Collected data
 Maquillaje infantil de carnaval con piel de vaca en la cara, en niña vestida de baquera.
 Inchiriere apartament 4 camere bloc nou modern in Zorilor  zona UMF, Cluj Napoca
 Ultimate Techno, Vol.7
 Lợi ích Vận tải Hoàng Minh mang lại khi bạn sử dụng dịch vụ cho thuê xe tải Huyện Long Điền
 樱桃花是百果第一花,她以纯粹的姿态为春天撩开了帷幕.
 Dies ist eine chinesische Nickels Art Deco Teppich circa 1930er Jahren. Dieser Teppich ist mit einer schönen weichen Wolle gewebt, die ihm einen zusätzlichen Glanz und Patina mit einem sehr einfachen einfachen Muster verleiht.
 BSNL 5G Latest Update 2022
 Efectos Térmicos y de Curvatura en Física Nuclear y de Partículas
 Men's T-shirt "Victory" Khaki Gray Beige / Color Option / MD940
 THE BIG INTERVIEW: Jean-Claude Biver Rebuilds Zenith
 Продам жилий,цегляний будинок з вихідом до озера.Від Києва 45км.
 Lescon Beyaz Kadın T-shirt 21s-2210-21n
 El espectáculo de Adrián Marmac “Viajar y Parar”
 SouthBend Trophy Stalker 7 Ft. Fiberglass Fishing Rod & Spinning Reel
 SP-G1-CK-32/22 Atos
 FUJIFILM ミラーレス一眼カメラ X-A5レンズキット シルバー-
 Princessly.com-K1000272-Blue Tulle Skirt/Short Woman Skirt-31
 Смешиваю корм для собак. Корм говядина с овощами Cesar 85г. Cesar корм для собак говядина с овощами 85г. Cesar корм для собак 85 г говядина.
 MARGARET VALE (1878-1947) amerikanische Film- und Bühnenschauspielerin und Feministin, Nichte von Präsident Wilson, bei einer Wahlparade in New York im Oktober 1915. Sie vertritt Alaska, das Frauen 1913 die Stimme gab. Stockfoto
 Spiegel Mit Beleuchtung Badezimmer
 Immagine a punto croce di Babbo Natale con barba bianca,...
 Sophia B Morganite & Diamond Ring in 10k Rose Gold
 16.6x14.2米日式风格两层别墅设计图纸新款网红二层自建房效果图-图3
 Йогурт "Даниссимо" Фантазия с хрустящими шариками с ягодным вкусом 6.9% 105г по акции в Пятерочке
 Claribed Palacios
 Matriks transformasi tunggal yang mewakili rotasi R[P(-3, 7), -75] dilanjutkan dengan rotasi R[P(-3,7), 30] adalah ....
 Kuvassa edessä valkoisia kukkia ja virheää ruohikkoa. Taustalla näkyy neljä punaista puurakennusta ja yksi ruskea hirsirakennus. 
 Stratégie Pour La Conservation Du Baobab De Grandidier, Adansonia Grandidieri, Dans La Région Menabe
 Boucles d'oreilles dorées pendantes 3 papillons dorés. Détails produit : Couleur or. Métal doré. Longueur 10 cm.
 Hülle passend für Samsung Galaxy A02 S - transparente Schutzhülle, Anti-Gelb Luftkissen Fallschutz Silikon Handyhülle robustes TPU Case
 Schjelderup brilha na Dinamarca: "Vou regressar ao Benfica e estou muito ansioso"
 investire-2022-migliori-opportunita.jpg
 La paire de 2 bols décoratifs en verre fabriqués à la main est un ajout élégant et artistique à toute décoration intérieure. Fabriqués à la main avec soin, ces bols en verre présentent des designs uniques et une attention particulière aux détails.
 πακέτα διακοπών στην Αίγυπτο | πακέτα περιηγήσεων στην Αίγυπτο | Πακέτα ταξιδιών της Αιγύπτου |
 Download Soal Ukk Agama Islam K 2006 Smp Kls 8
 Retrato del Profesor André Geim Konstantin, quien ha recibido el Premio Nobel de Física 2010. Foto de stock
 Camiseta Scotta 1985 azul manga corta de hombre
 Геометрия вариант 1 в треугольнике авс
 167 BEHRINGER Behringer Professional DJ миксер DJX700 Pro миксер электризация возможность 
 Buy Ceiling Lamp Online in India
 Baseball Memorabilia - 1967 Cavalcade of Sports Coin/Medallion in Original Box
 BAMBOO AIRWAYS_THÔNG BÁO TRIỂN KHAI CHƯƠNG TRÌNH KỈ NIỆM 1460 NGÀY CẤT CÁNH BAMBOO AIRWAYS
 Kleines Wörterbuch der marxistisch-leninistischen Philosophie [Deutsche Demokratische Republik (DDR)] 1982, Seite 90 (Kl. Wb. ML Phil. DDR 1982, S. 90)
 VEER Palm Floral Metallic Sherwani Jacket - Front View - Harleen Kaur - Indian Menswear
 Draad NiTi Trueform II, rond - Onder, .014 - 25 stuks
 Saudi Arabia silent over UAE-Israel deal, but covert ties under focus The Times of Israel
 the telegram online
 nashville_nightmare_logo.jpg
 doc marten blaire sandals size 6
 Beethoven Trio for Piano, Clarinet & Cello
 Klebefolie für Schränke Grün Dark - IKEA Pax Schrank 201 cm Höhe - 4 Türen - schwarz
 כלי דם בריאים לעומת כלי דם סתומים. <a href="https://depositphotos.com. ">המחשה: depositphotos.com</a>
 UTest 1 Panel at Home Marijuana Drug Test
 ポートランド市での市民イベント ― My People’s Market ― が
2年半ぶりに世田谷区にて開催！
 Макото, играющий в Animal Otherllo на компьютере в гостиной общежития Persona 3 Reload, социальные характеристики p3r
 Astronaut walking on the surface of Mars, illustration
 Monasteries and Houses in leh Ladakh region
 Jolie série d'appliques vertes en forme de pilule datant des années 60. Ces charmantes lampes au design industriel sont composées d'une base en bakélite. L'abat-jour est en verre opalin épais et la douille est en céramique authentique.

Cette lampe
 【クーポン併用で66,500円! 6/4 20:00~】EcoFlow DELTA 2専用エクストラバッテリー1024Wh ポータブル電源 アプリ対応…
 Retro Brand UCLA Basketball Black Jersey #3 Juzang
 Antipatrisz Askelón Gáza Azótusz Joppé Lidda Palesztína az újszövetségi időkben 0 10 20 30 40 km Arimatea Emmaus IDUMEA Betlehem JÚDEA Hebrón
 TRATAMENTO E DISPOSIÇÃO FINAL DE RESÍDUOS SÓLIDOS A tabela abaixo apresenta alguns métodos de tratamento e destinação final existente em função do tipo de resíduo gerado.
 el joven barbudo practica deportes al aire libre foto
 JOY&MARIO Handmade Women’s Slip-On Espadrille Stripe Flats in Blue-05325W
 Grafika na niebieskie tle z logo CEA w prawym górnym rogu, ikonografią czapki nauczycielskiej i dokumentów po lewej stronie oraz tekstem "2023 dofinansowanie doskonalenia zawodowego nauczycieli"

▶ **WHAT NEEDS TO BE DONE**:
Transcribe the lines above between the line holding "Option / MD940" and the line holding "SP-G1-CK-32/22 Atos", inclusive, exactly as they stand and with nothing added.

▶ **ANSWER BELOW**:
 Men's T-shirt "Victory" Khaki Gray Beige / Color Option / MD940
 THE BIG INTERVIEW: Jean-Claude Biver Rebuilds Zenith
 Продам жилий,цегляний будинок з вихідом до озера.Від Києва 45км.
 Lescon Beyaz Kadın T-shirt 21s-2210-21n
 El espectáculo de Adrián Marmac “Viajar y Parar”
 SouthBend Trophy Stalker 7 Ft. Fiberglass Fishing Rod & Spinning Reel
 SP-G1-CK-32/22 Atos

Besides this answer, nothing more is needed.